What needs to be done - Please make sure what you return matches the listing below exactly, minus its pictures.

Data provided -
====================
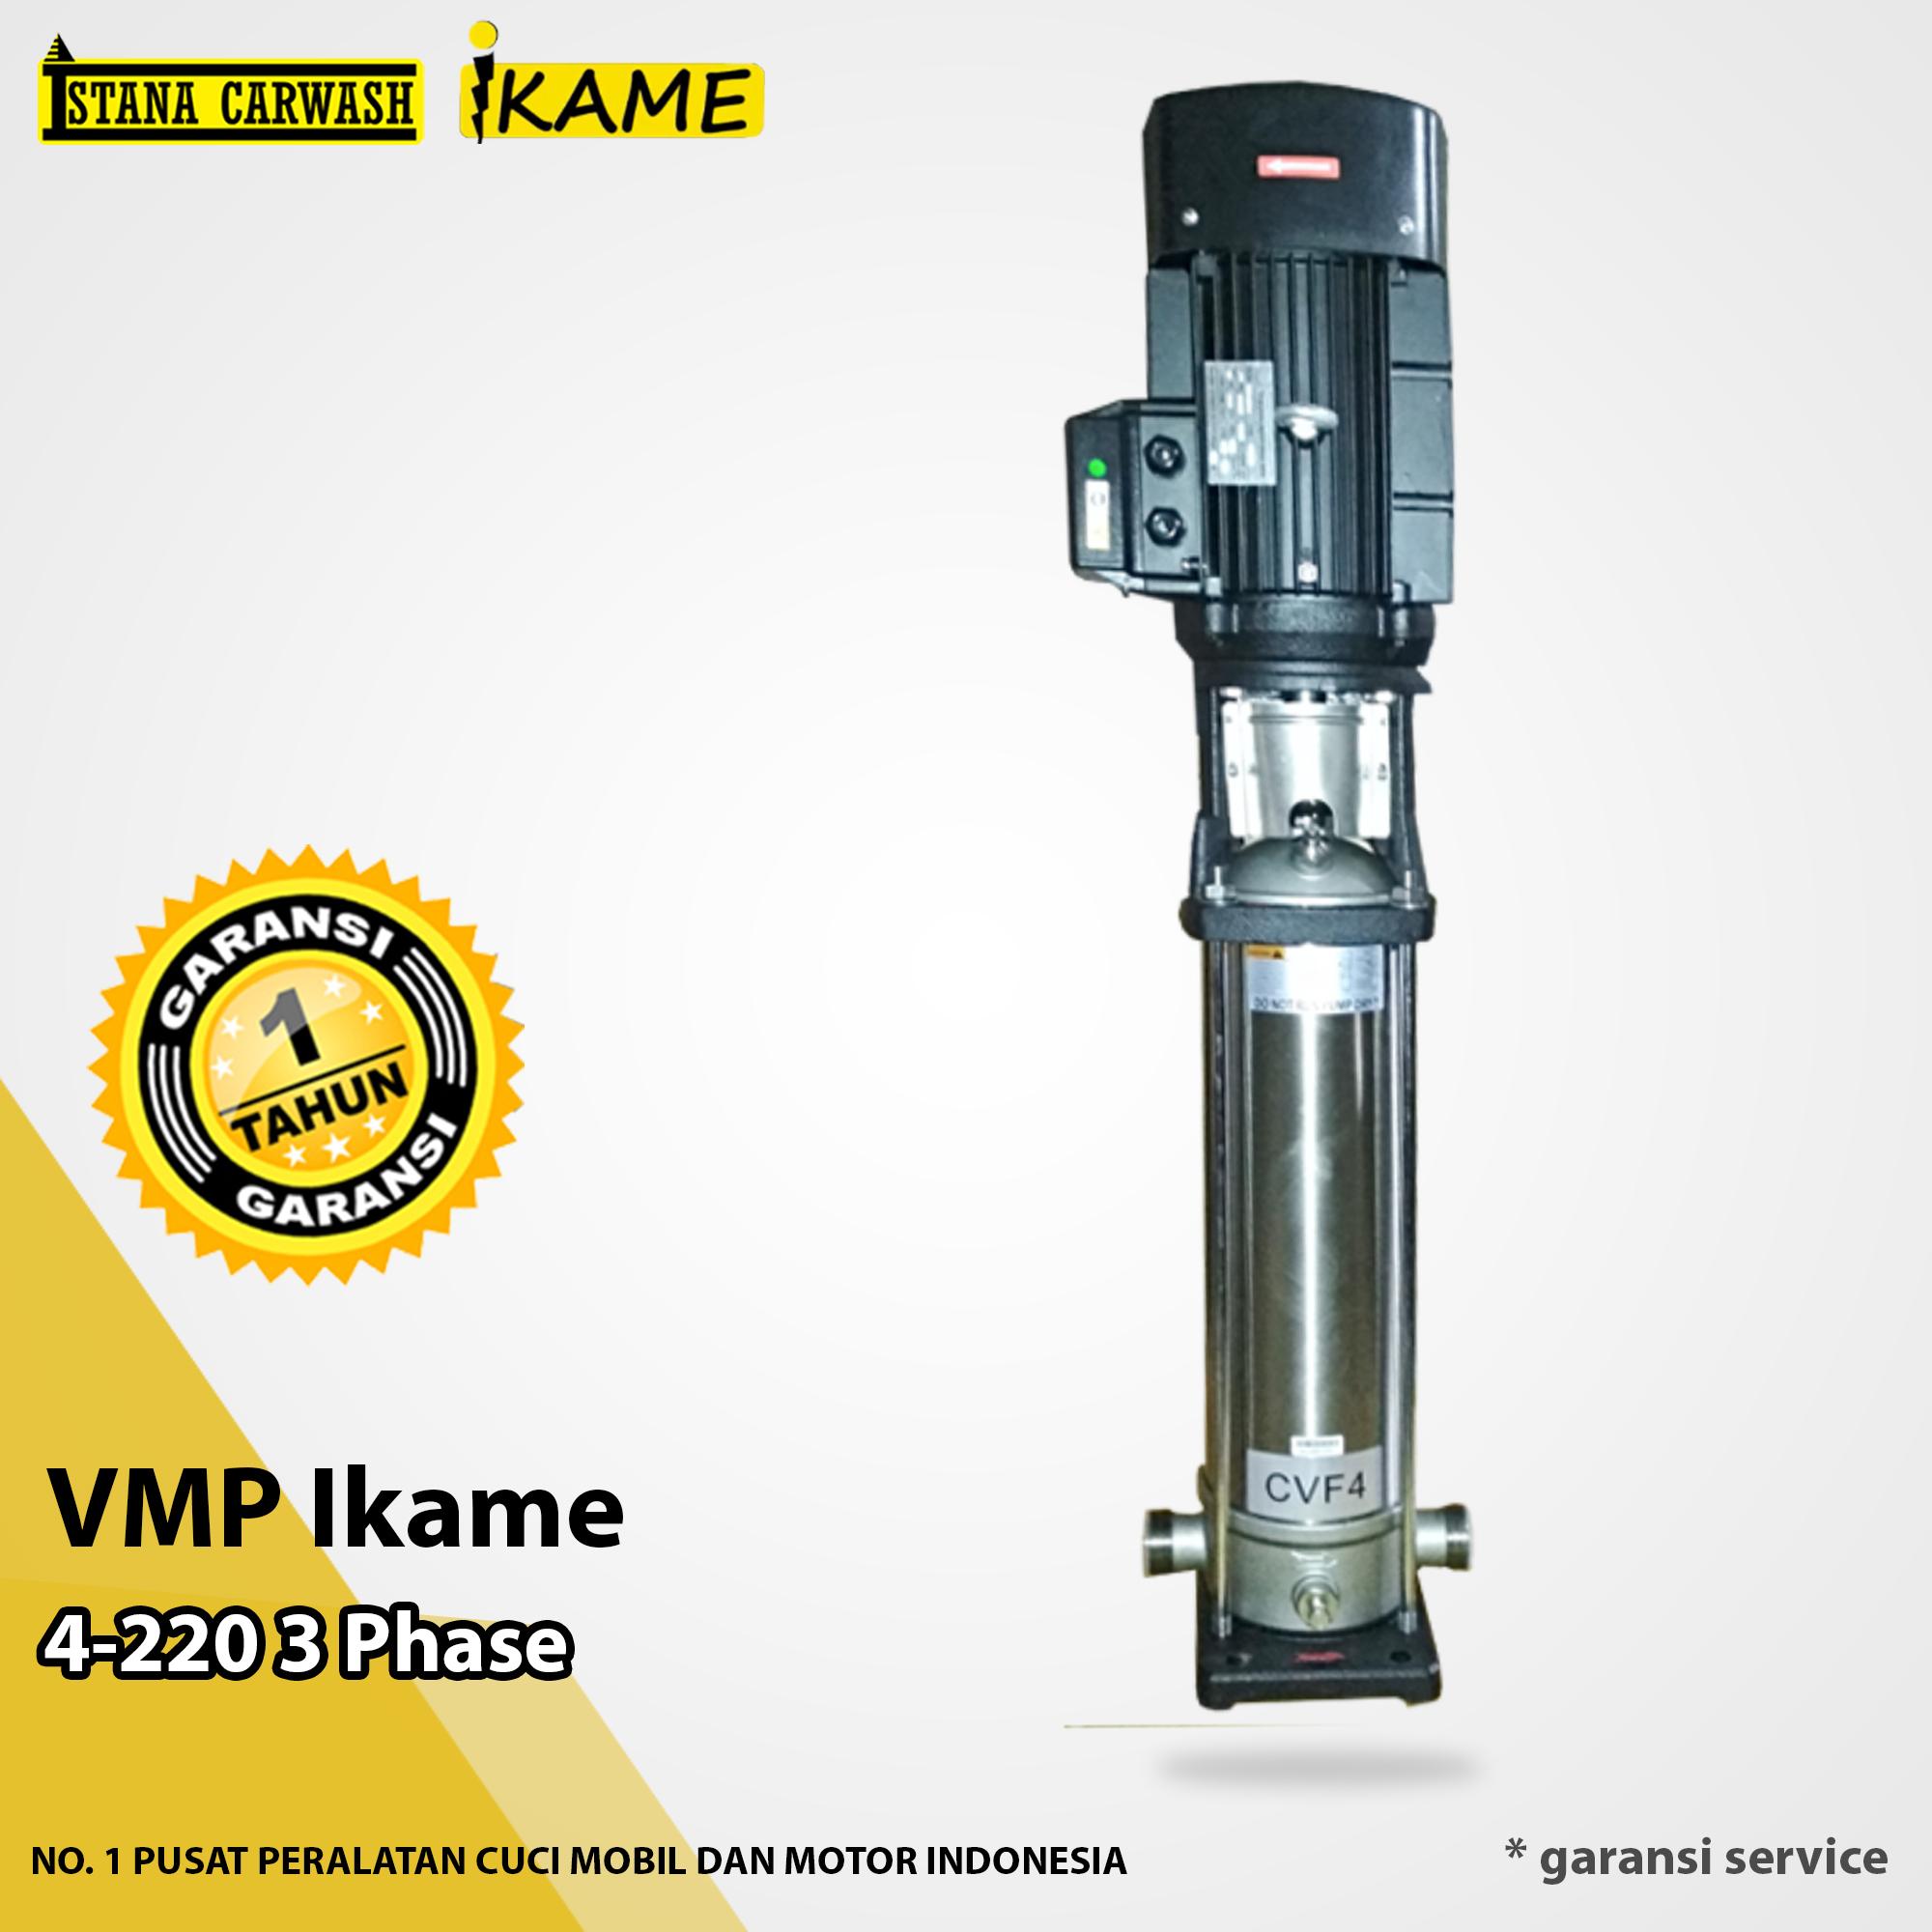 VMP Ikame 4 – 220, 3 Phase
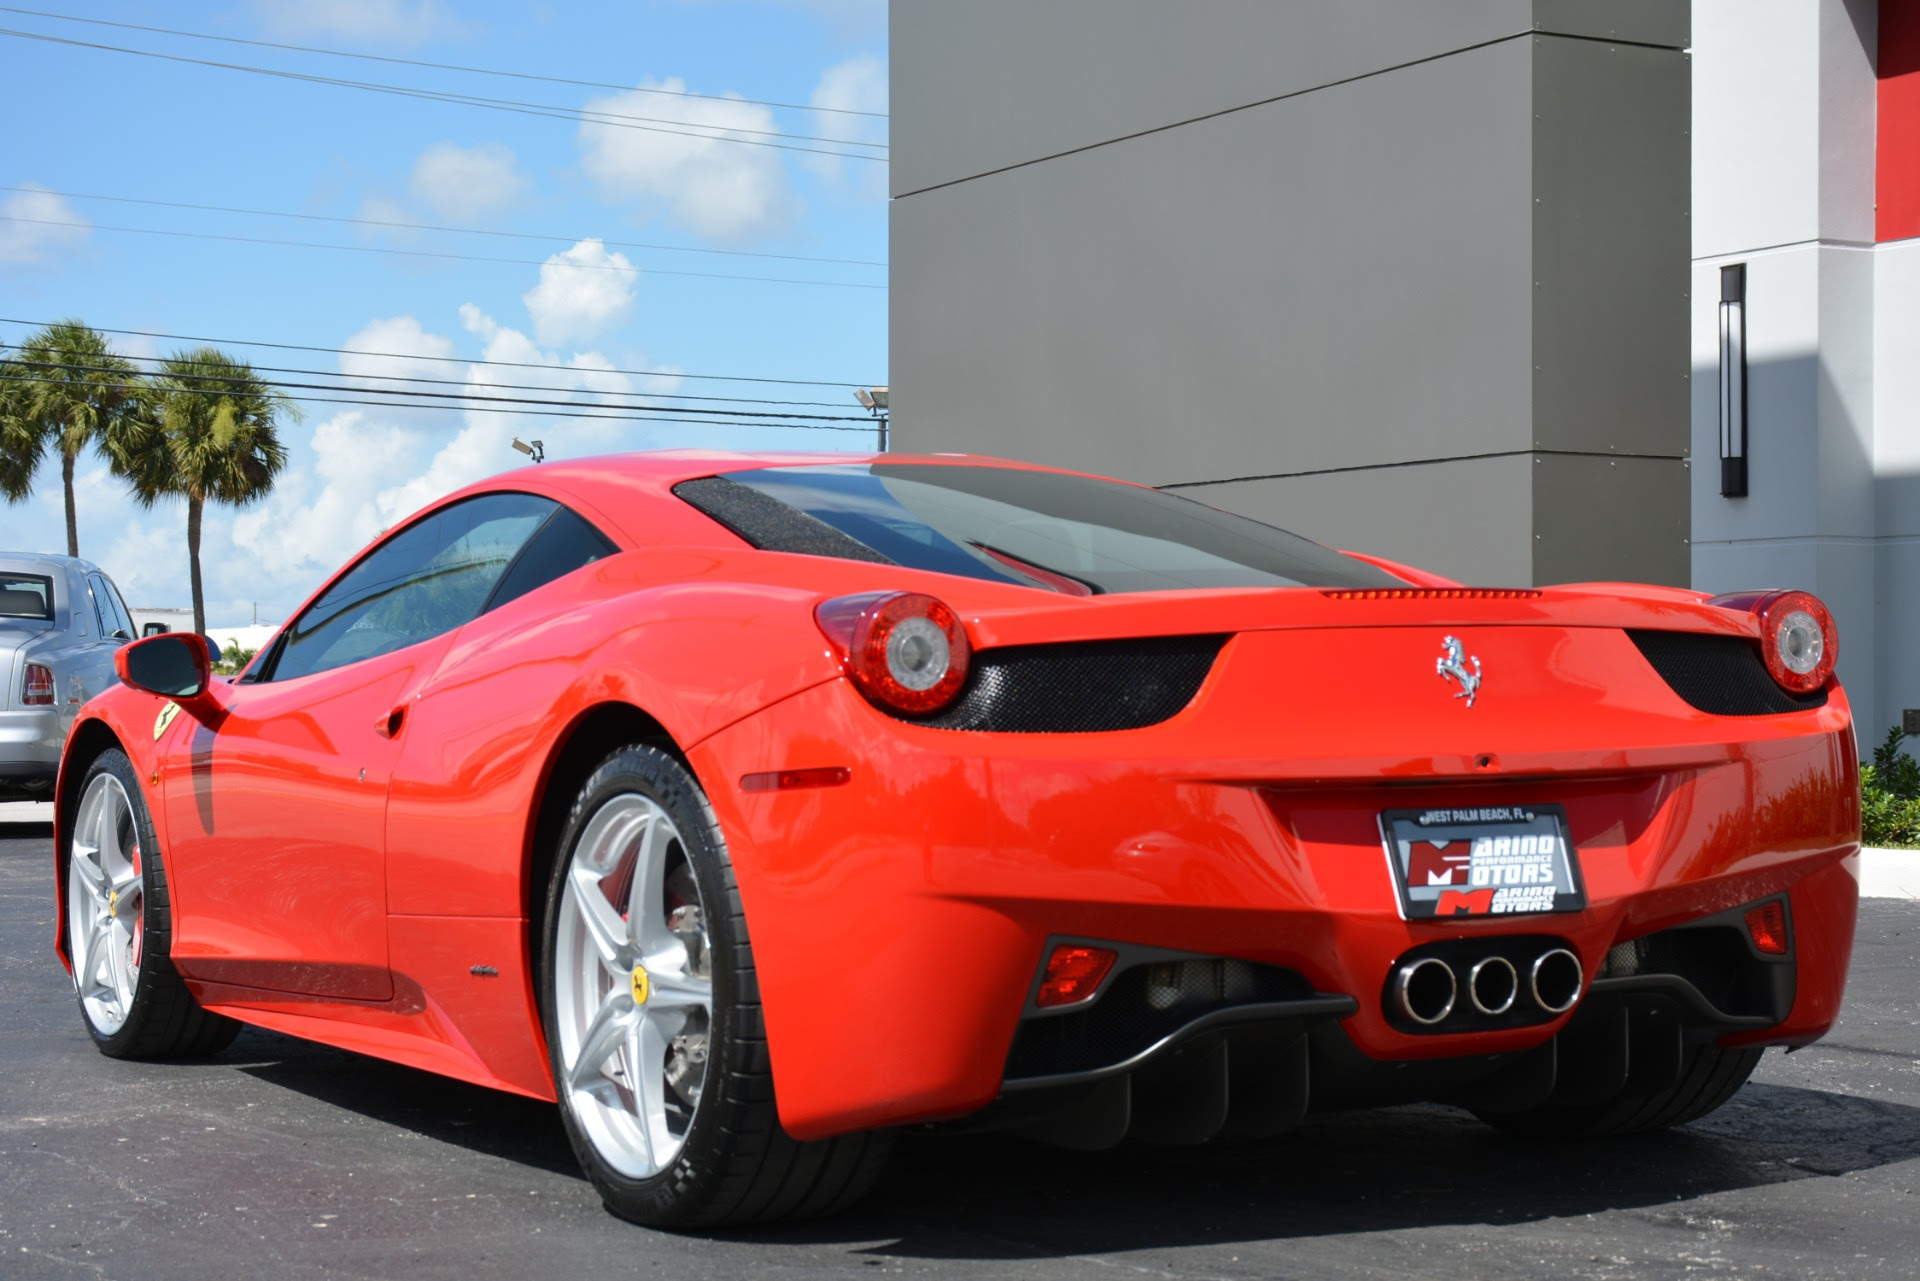 Used 2011 Ferrari 458 Italia For Sale ($182,900)   Marino Performance Motors Stock #182436
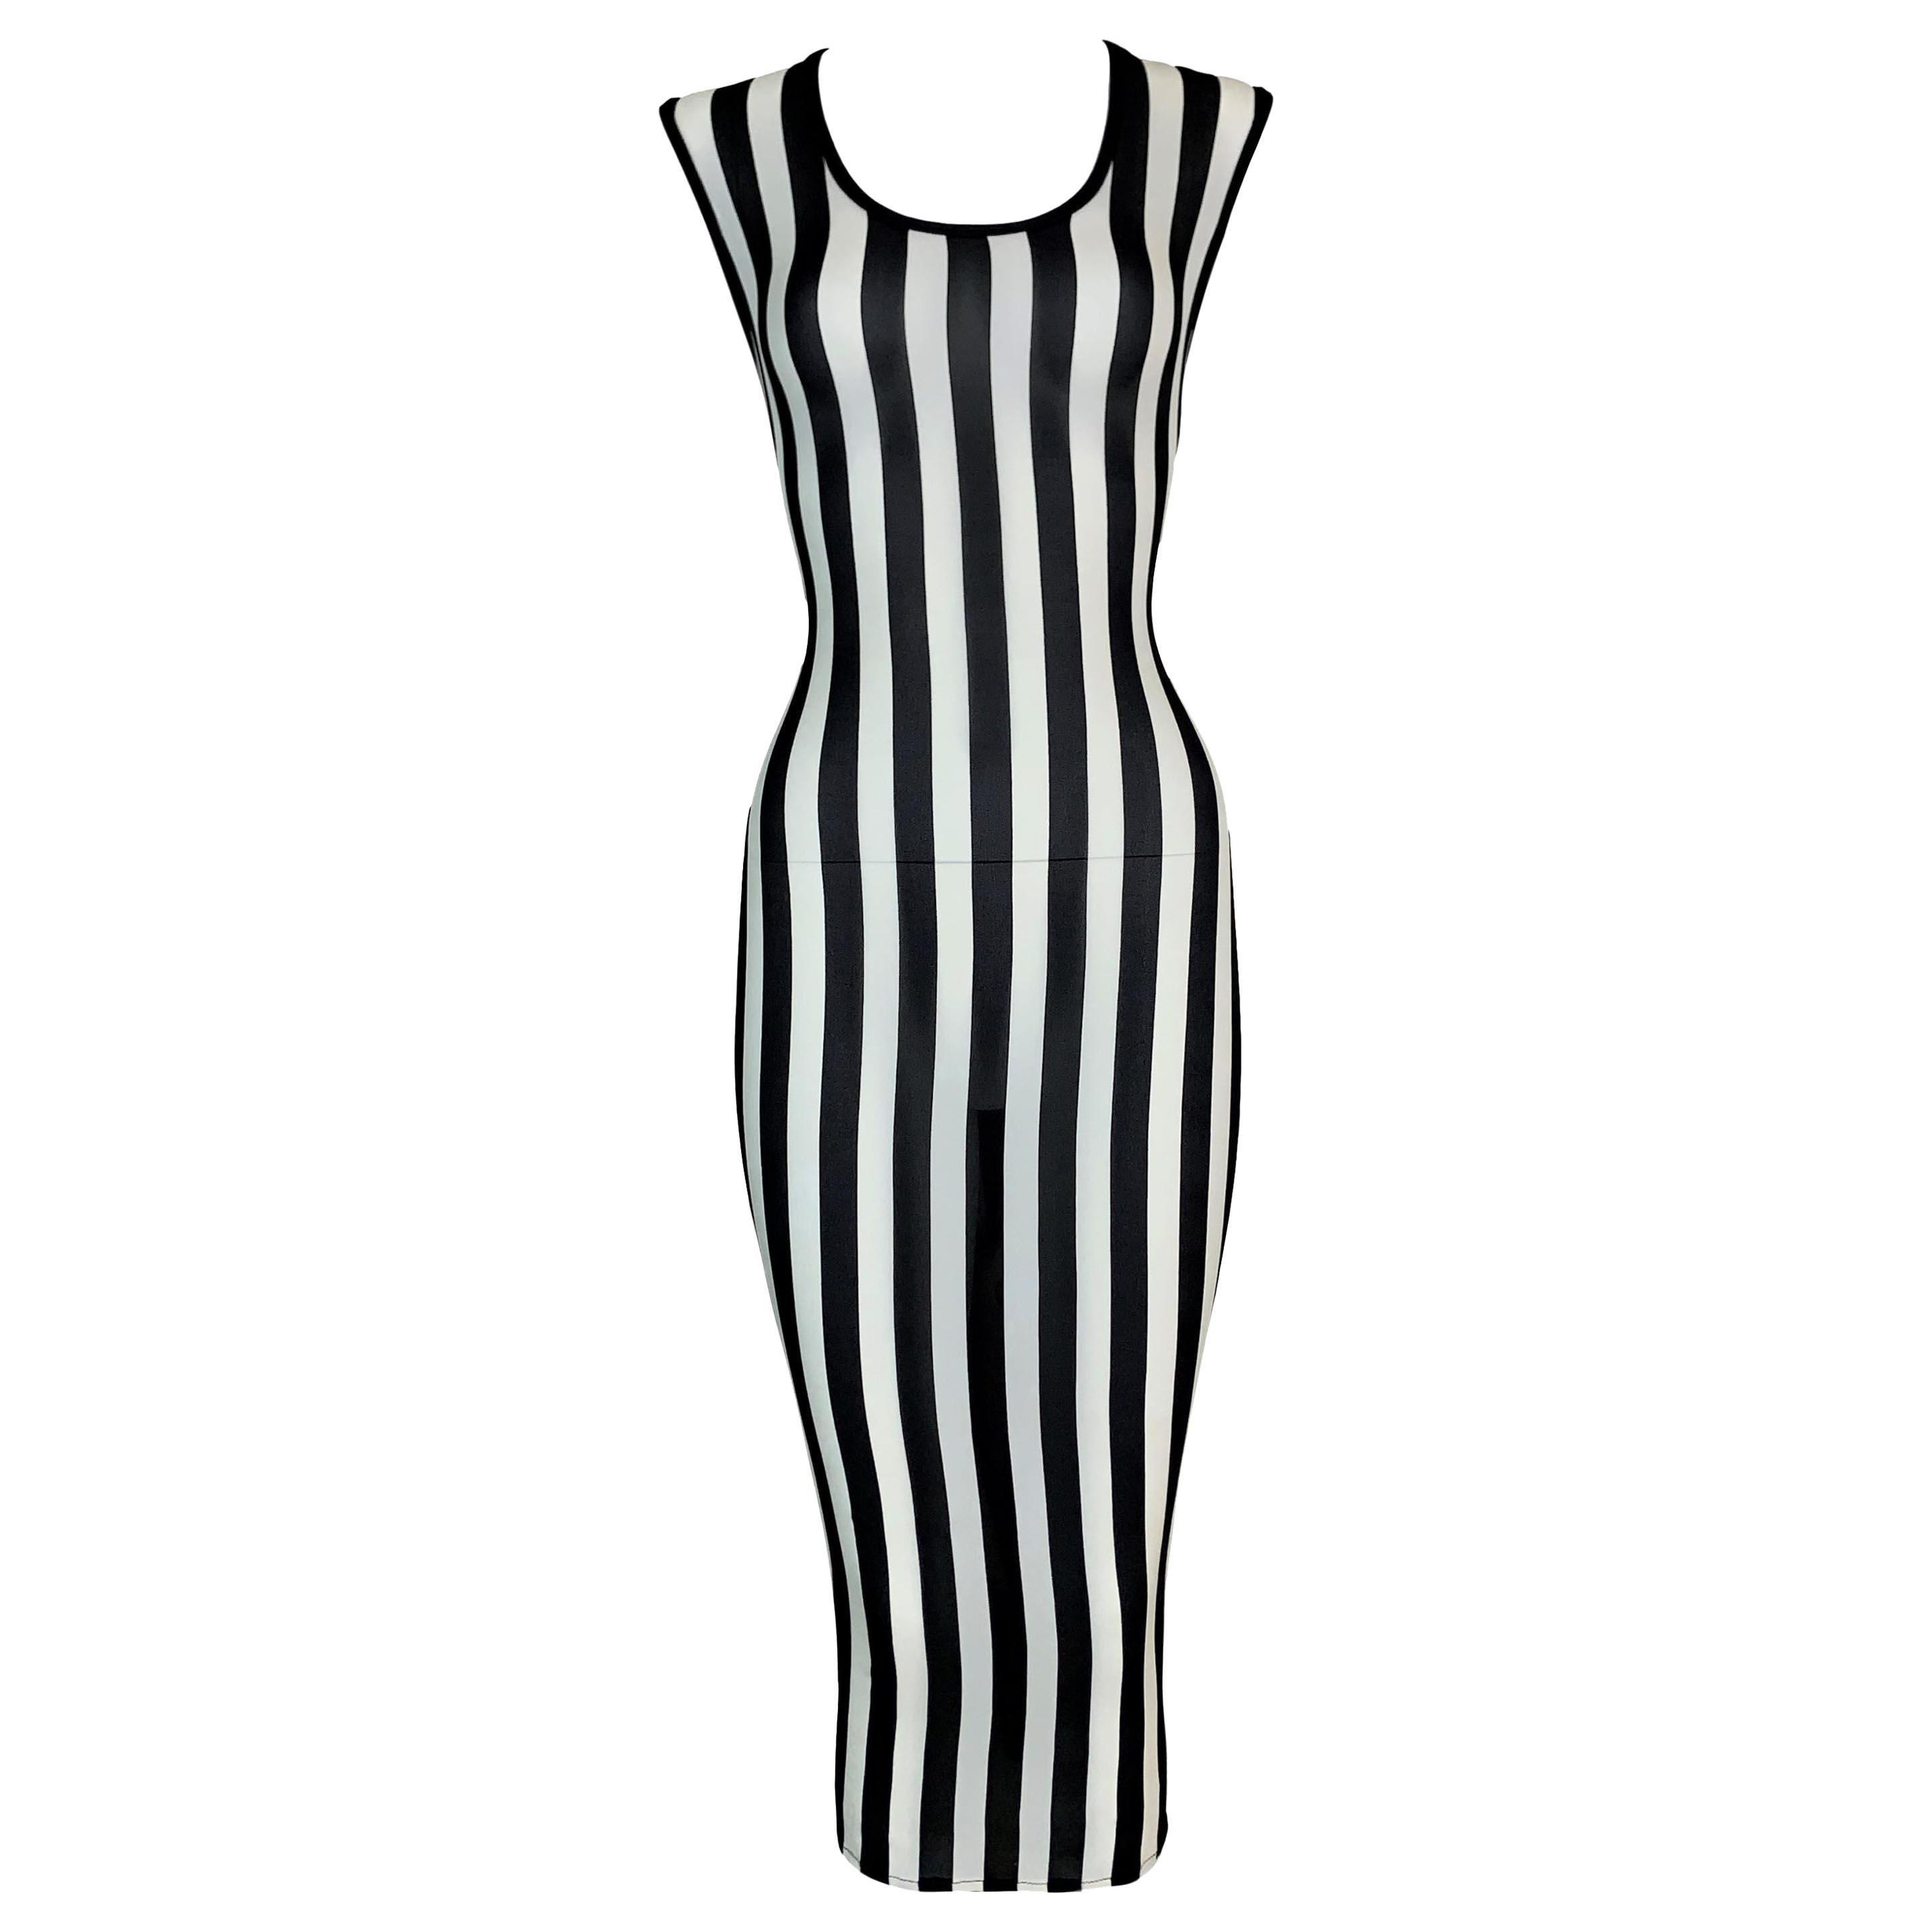 1993 Gianni Versace Sheer Stretch Silk Black & White Striped Wiggle Dress 44
====================
Problem solution -
 VMP Ikame 4 – 220, 3 Phase
 Used 2011 Ferrari 458 Italia For Sale ($182,900)   Marino Performance Motors Stock #182436
 1993 Gianni Versace Sheer Stretch Silk Black & White Striped Wiggle Dress 44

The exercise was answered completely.